Fez a fotografia do longa Um Minuto, Uma Hora... Uma Vida, de Walter A. Abreu. Em vídeo dirigiu Refluxo (1986), Diga Adeus a Lorna Love (1988), e o longa Fuga de Canaã (1991). Depois, em 35mm, dirigiu Rito de Passagem (1996) e O Amor e o Humor na Música Brasileira do Século XVIII e XIX (1998), cujo roteiro foi vencedor no Primeiro Concurso de Premiação Cinematográfica de Curta-metragem do Ministério da Cultura, 1997.

  
Foto: Divulgação
  
"Na década de 70 tinha um movimento de Super 8, então as pessoas escreviam roteiro e acabavam participando de várias etapas, mas bem amador. Você vai acumulando experiências. É um somatório dessas experiências. Várias pessoas que hoje produzem ou atuam passaram por isso", conta.

Em tantos anos participando do cinema capixaba, Medeiros vê com bons olhos as transformações que ocorreram na produção audiovisual. "A qualidade do digital está cada dia mais próxima da qualidade da película. Claro que não se pode comparar em termos de custo. O digital dá uma possibilidade de redução de custos. Hoje você pode fazer em casa, com um computador, inclusive com uma qualidade. Eu acho que isso vai dar uma dinamizada e mais pessoas vão poder fazer. E hoje você tem a própria internet para ajudar na divulgação", fala.

Ele acredita que as leis de incentivo, como a Lei Rubem Braga, criada nos anos 1990, mais o aumento do número de cursos de Comunicação no Estado foram fatores fundamentais para a expansão da produção audiovisual local, e ainda mais com os equipamentos digitais.
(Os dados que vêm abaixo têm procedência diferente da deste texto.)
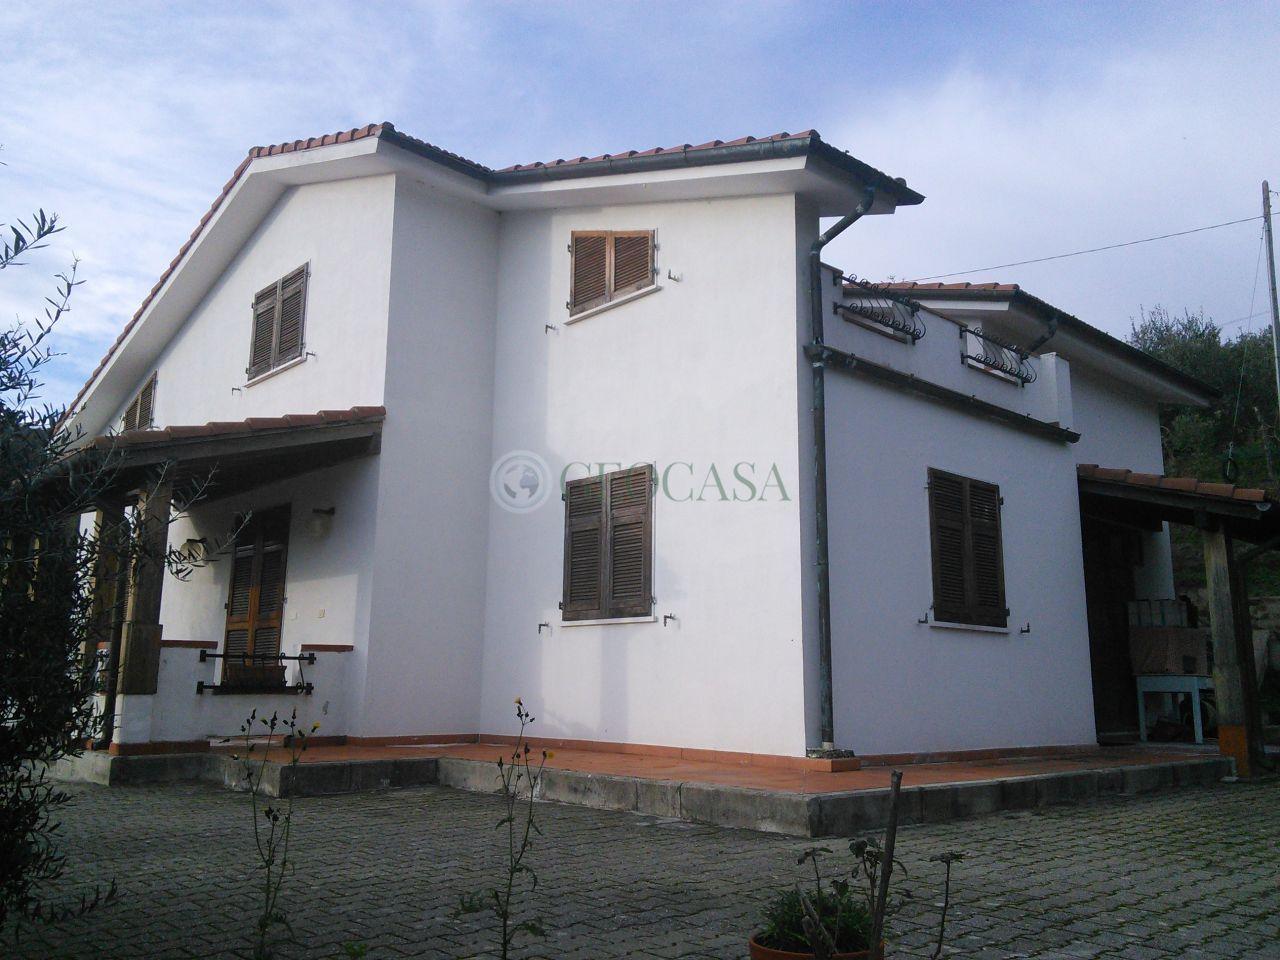 Soluzione Indipendente in vendita a Vezzano Ligure, 10 locali, prezzo € 295.000 | Cambio Casa.it
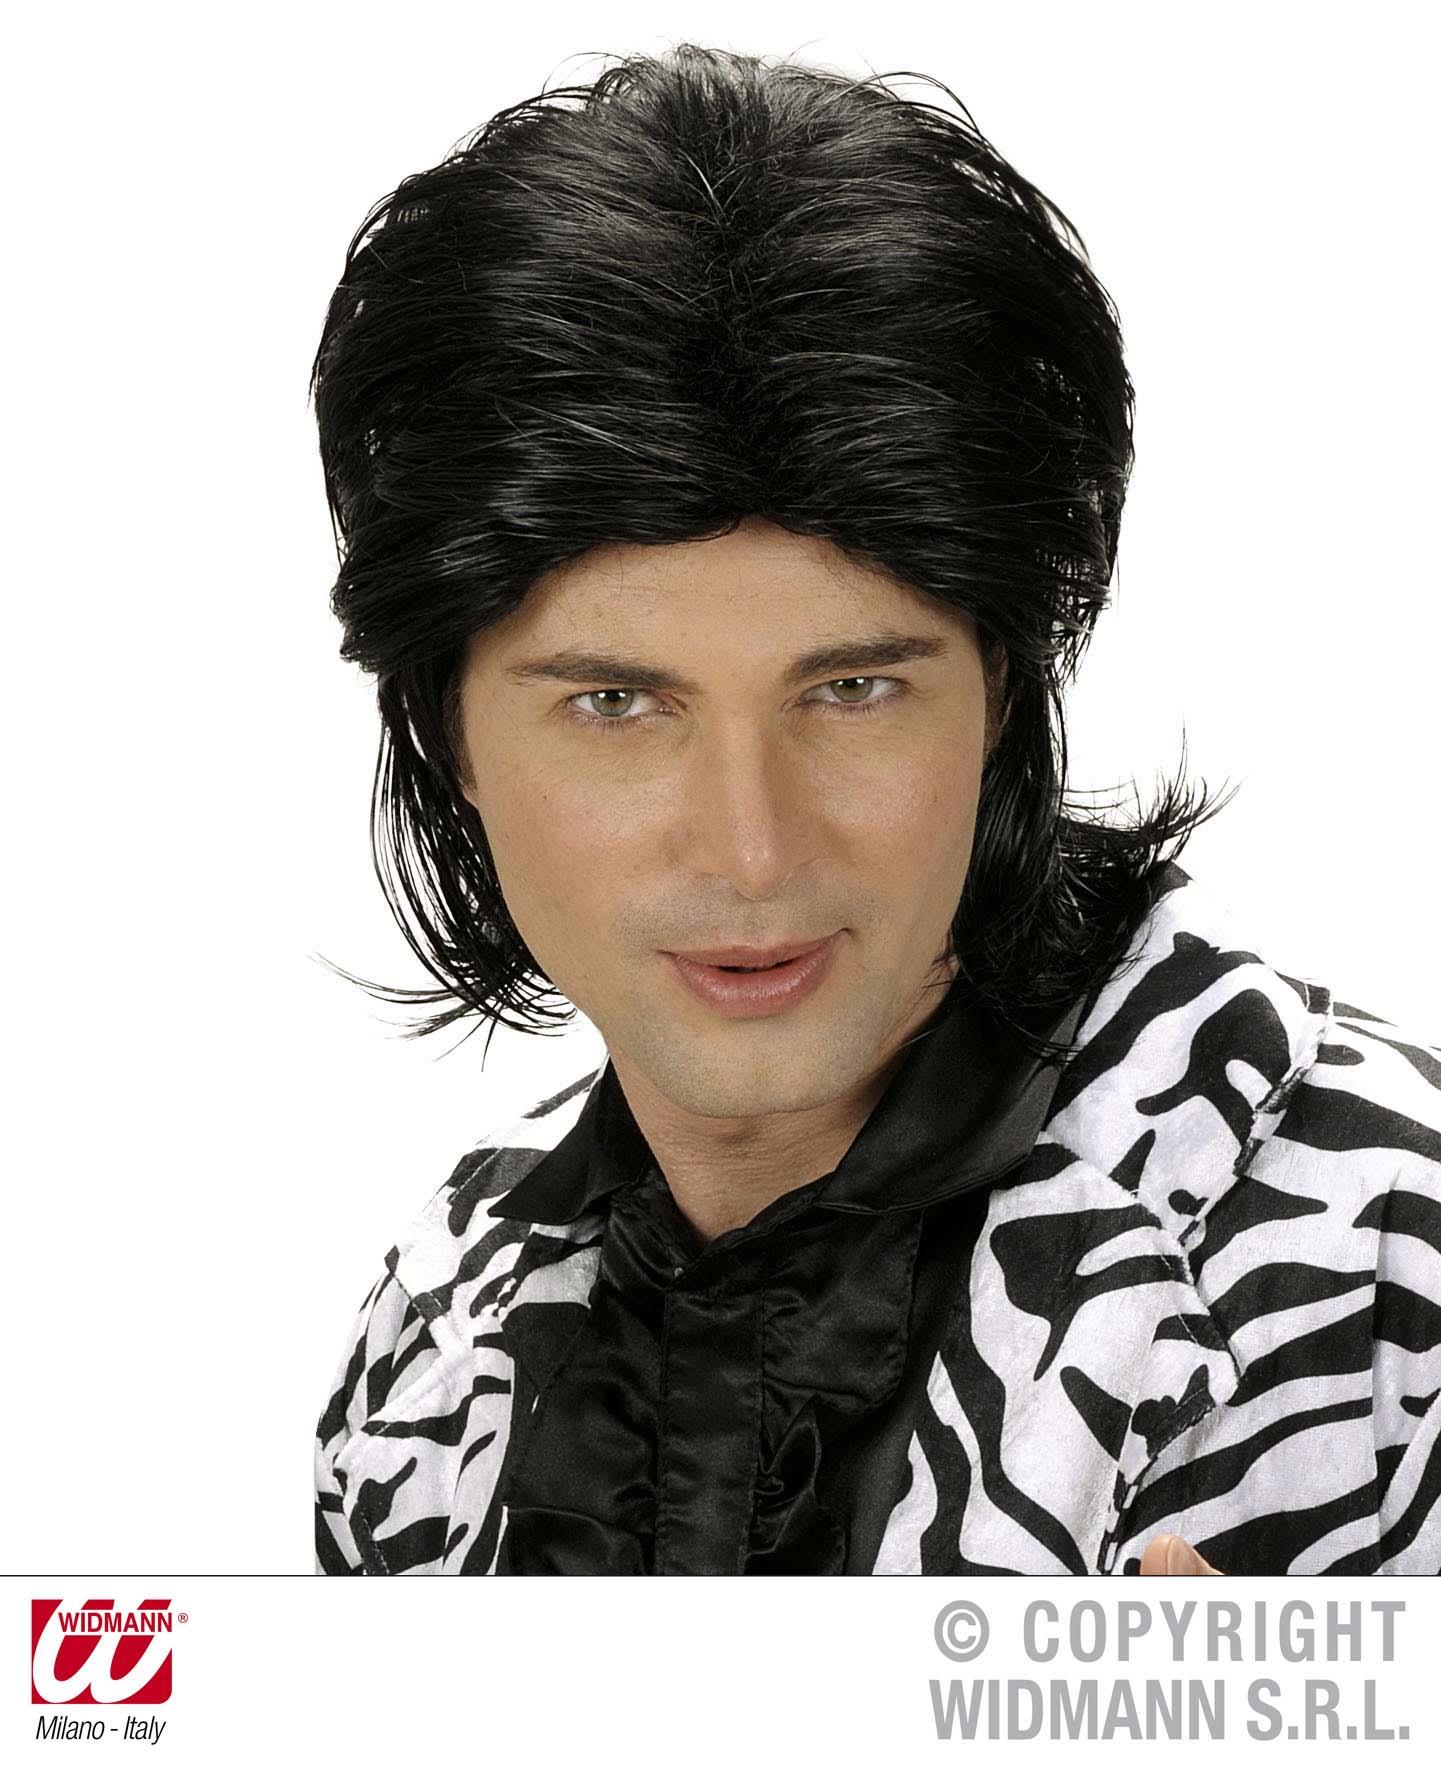 Black Wet Look Wig Male Fashion Model Glamour Fancy Dress

Além do lançamento nesta sexta-feira (16), em Vitória, A Virada vai ser exibido na TVE, no programa Curta Vídeo, e na TV Ufes. A Universidade também vai fazer a distribuição para bibliotecas e o vídeo vai ser disponibilizado na internet para fazer download. "A gente pretende que seja uma coisa acessível, por internet mesmo, quem quiser possa baixar. Já que estamos fazendo essa primeira experiência com o digital, vamos usar também esse meio de distribuição", conclui Sérgio de Medeiros.

Ficha técnica
Elenco: Francienne Pavesi, Edwaldo Almeida, Maura Moschen, Geisa Ramos, José Augusto Loureiro, Ednardo Pinheiro, Alvarito Mendes Filho, Rosi Andrade, Aline Goltara, Victor Rosalen, Terezinha Nascimento, Wander César, Loyde Lima, Branca Santos Neves, Izabel Cristina, Mestre Vitalino, Maria Fillina e Ariel Morgana.
Roteiro: Paulo DePaula, Maria Pacheco, Jorge Nascimento e Sergio de Medeiros
Direção de Produção: Maria Pacheco
Direção de Arte: Nortton Dantas e Paulo DePaula
Direção: Sergio de Medeiros
Assistentes de Produção: Marlécio Matos e Kátia Raposo
Fotografia: Valmir Zatta
Som direto: Newton Raposo
Som off: Renegrado Jorge
Montagem: B. M. Rosemberg

Serviço
O diretor Sérgio de Medeiros lança o média-metragem A Virada (2007, 35 minutos) nesta sexta-feira (16), às 21h, no Cine Metrópolis. Av. Fernando Ferrari, 514, Goiabeiras, Vitória. Informações: (27) 3132-8396. Entrada franca.